The per-token zero-point is serialized as fp32 by torchao design: `Int8DynamicActivationIntxWeightConfig` (8da4w) uses asymmetric per-token activation quant with an explicit fp32 `zero_point_dtype`. Decoding the serialized `.pte` confirms the zero-point tensor is FLOAT32, and (like the scale) it is stored in a texture as an `rgba32f` texel -- never `rgba8i`. The float allocation is the truth; the int8 shader access was the mismatched side.

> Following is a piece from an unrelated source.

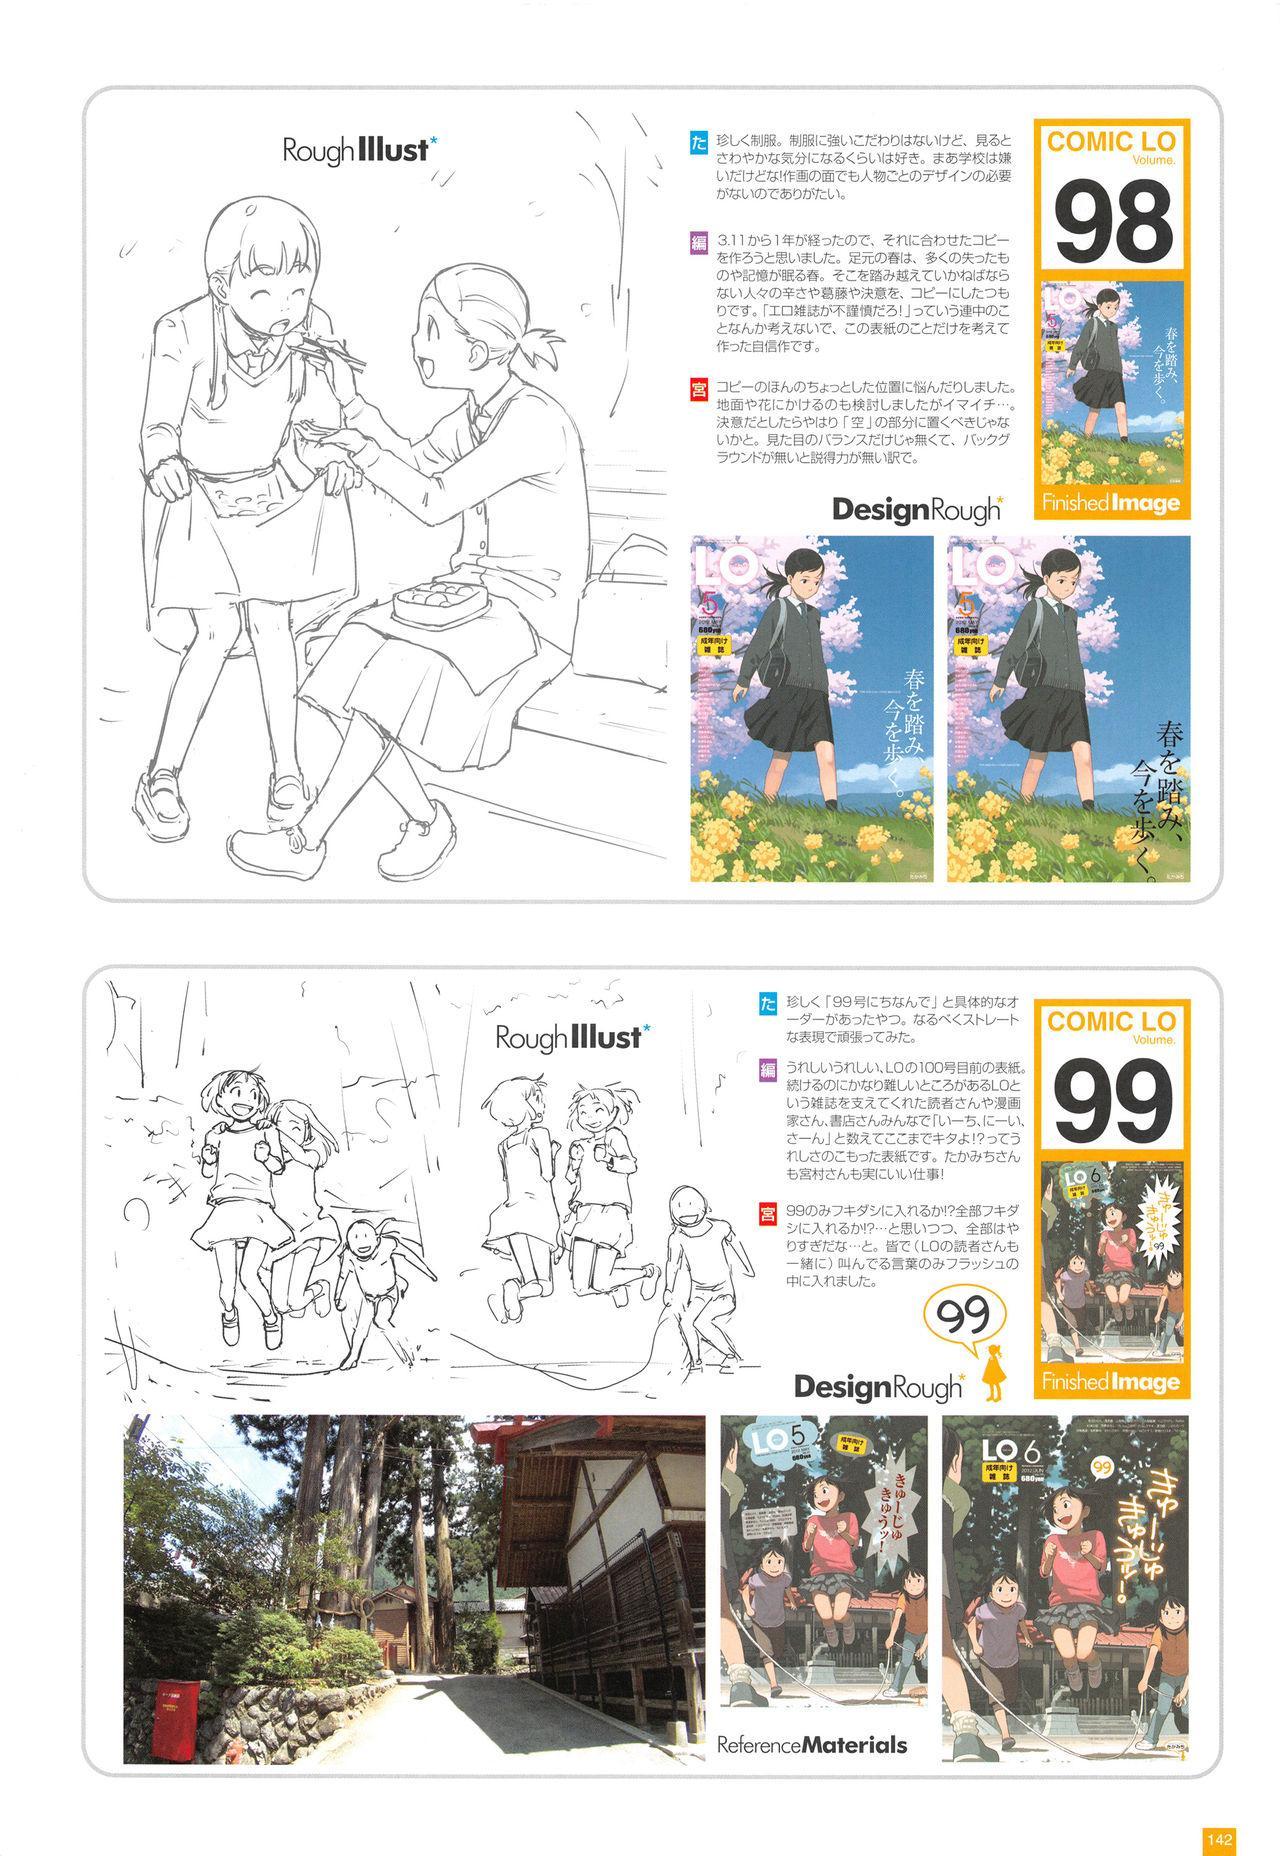 LO Artbook 2-A TAKAMICHI LOOP WORKS 144

The fix is to declare, store, and read the per-token zero-point as fp32 across the dq8ca qparams shaders, so the shader access dtype matches the tensor's allocation dtype and the texture is read as the `rgba32f` image it actually is. The zero-point value is integer-valued (nudged to `[-128, 127]`), so fp32 represents it exactly and the consumer's `int(zp)` conversion for the integer dequant-correction is lossless. This touches the dq8ca qparams shaders -- `choose_qparams_per_row`, `quantize_and_pack_4h4w_with_group_sums`, `linear_dq8ca_q4gsw_tiled`, the shared `linear_int8_input_scales_zps_load` helper, and the `linear_q4gsw_coop` variant (whose zero-point binding only matches the descriptor-set layout and is never read) -- plus a documentation comment in `ChooseQParams.cpp`.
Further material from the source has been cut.